Nov  4 03:37:20 mymailman logger: pq_flush: send() failed: Bad file descriptor 
Nov  4 03:37:20 mymailman logger: NOTICE:  AbortTransaction and not in in-progress state  
Nov  4 03:37:20 mymailman logger: pq_flush: send() failed: Bad file descriptor 
Nov  4 03:37:20 mymailman logger: pq_flush: send() failed: Bad file descriptor 
Nov  4 03:37:20 mymailman logger: pq_recvbuf: recv() failed: Bad file descriptor
Nov  4 03:37:20 mymailman logger: ERROR:  infinite recursion in proc_exit 

Nov  4 03:37:20 mymailman logger: pq_flush: send() failed: Bad file descriptor 
Nov  4 03:37:20 mymailman logger: NOTICE:  AbortTransaction and not in in-progress state  
Nov  4 03:37:20 mymailman logger: pq_flush: send() failed: Bad file descriptor 
Nov  4 03:37:20 mymailman logger: pq_flush: send() failed: Bad file descriptor 
Nov  4 03:37:20 mymailman logger: pq_recvbuf: recv() failed: Bad file descriptor
Nov  4 03:37:20 mymailman logger: ERROR:  infinite recursion in proc_exit 

- K

Kristofer Munn * KMI * 973-509-9414 * AIM KrMunn * ICQ 352499 * www.munn.com



Re: [HACKERS] ERROR: infinite recursion in proc_exit

From
Tom Lane
Date:
Kristofer Munn <kmunn@munn.com> writes:
> On a number of occasions over the past couple of weeks I have encountered
> the following error during my nightly vacuum process.  It repeats
> infinitely until outside intervention.  It seems to identify the fact that
> it is stuck in an infinite recursion but unable to deal with it.

What Postgres version are you using?  This loop:

> Nov  4 03:37:20 mymailman logger: pq_recvbuf: recv() failed: Bad file descriptor
> Nov  4 03:37:20 mymailman logger: FATAL 1:  Socket command type ? unknown 
> Nov  4 03:37:20 mymailman logger: pq_flush: send() failed: Bad file descriptor 
> Nov  4 03:37:20 mymailman logger: ERROR:  unknown frontend message was received 
> Nov  4 03:37:20 mymailman logger: pq_flush: send() failed: Bad file descriptor 
> Nov  4 03:37:20 mymailman logger: NOTICE:  AbortTransaction and not in in-progress state  
> Nov  4 03:37:20 mymailman logger: pq_flush: send() failed: Bad file descriptor 
> Nov  4 03:37:20 mymailman logger: pq_flush: send() failed: Bad file descriptor 
> Nov  4 03:37:20 mymailman logger: pq_recvbuf: recv() failed: Bad file descriptor

looks like we are trying to read a command from the frontend, failing
because the socket descriptor's been clobbered, trying to send the
elog() report to the client --- which also fails of course --- returning
to the main loop and failing again.  But as far as I can tell from
looking at either 6.5 or current code, that can't happen: a failure
return from pq_recvbuf should lead to proc_exit *without* reaching the
'Socket command type ? unknown' elog.  So I think you are working with
6.4 or older code, in which case an update would be your best bet.

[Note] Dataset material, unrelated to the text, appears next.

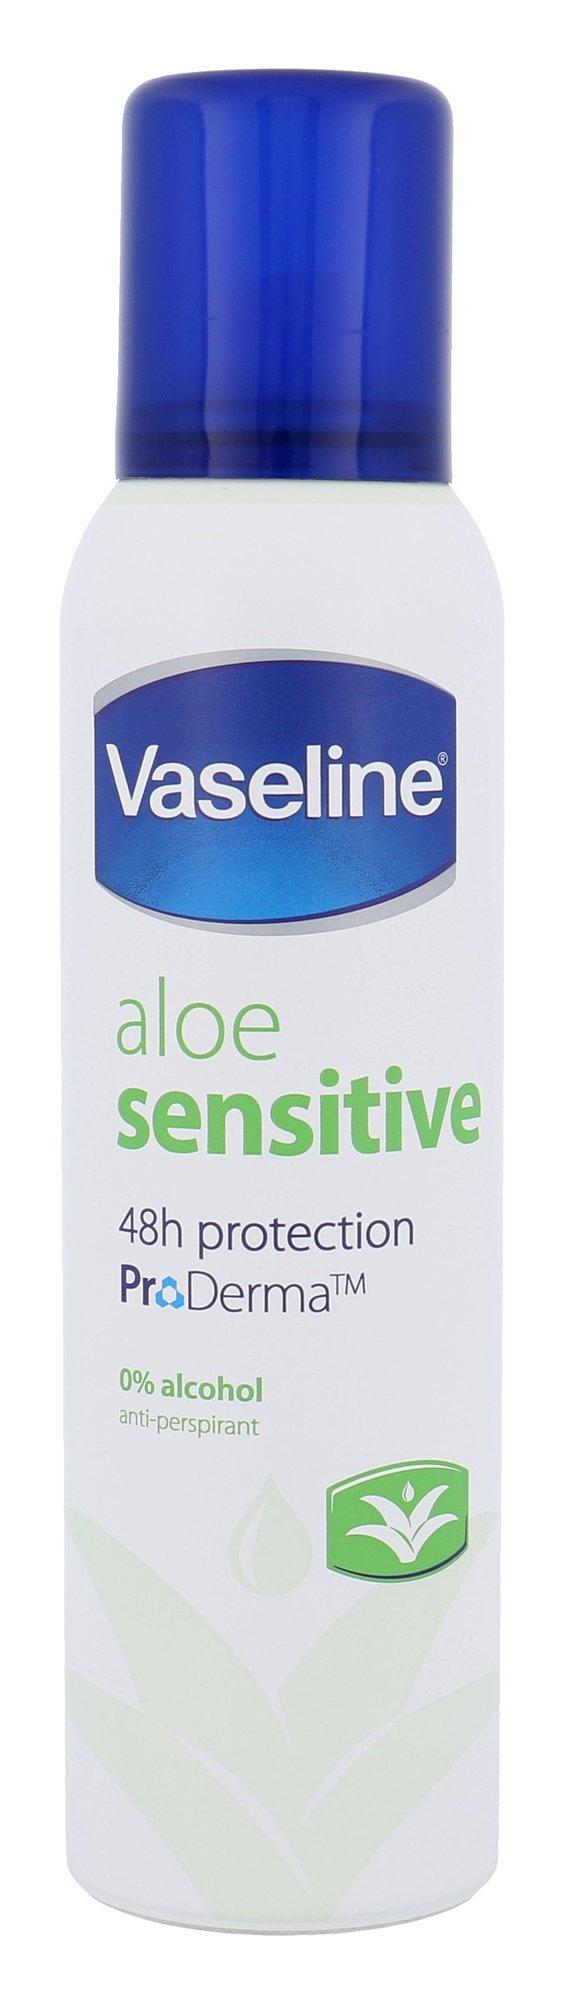 Vaseline Aloe Sensitive Cosmetic 150ml

If you want to try to recover without doing an update, I think you'll
still need to do a pg_dump/destroydb/createdb/reload.  It looks like
the indexes on pg_attribute have been corrupted, and there's not any
easier way to clean that up.  (If it were a user table, you could just
drop and recreate the index, but don't try that on pg_attribute...)
        regards, tom lane


Re: [HACKERS] ERROR: infinite recursion in proc_exit

From
Kristofer Munn
Date:
> What Postgres version are you using?

My apologies, should have included that with my original request:

[PostgreSQL 6.5.2 on i686-pc-linux-gnu, compiled by gcc egcs-2.91.66]

> If you want to try to recover without doing an update, I think you'll
> still need to do a pg_dump/destroydb/createdb/reload.  It looks like
> the indexes on pg_attribute have been corrupted, and there's not any
> easier way to clean that up.  (If it were a user table, you could just
> drop and recreate the index, but don't try that on pg_attribute...)

What are the ramifications of continuing with the corrupted indexes -
undefined behavior?  Filesystems have fsck to fix stuff - are there any
tools on the docket to reconstruct the indexes or other recoverable
things?  These would be useful for systems where the database is 500+ Megs
and takes quite awhile to reload.

The application involved uses temp files (you see some sort of attribute
failure in the VACUUM before everything goes haywire - perhaps unrelated)
as well as transactions.  I don't create or drop temp tables inside
transactions to avoid the accompanying error messages.  A database
maintenance program runs nightly to cull old data from the database and
then runs a vacuum.  During that time, transactions continue unabated.

- K

Kristofer Munn * KMI * 973-509-9414 * AIM KrMunn * ICQ 352499 * www.munn.com



Re: [HACKERS] ERROR: infinite recursion in proc_exit

From
Tom Lane
Date:
Kristofer Munn <kmunn@munn.com> writes:
>> What Postgres version are you using?
> My apologies, should have included that with my original request:
> [PostgreSQL 6.5.2 on i686-pc-linux-gnu, compiled by gcc egcs-2.91.66]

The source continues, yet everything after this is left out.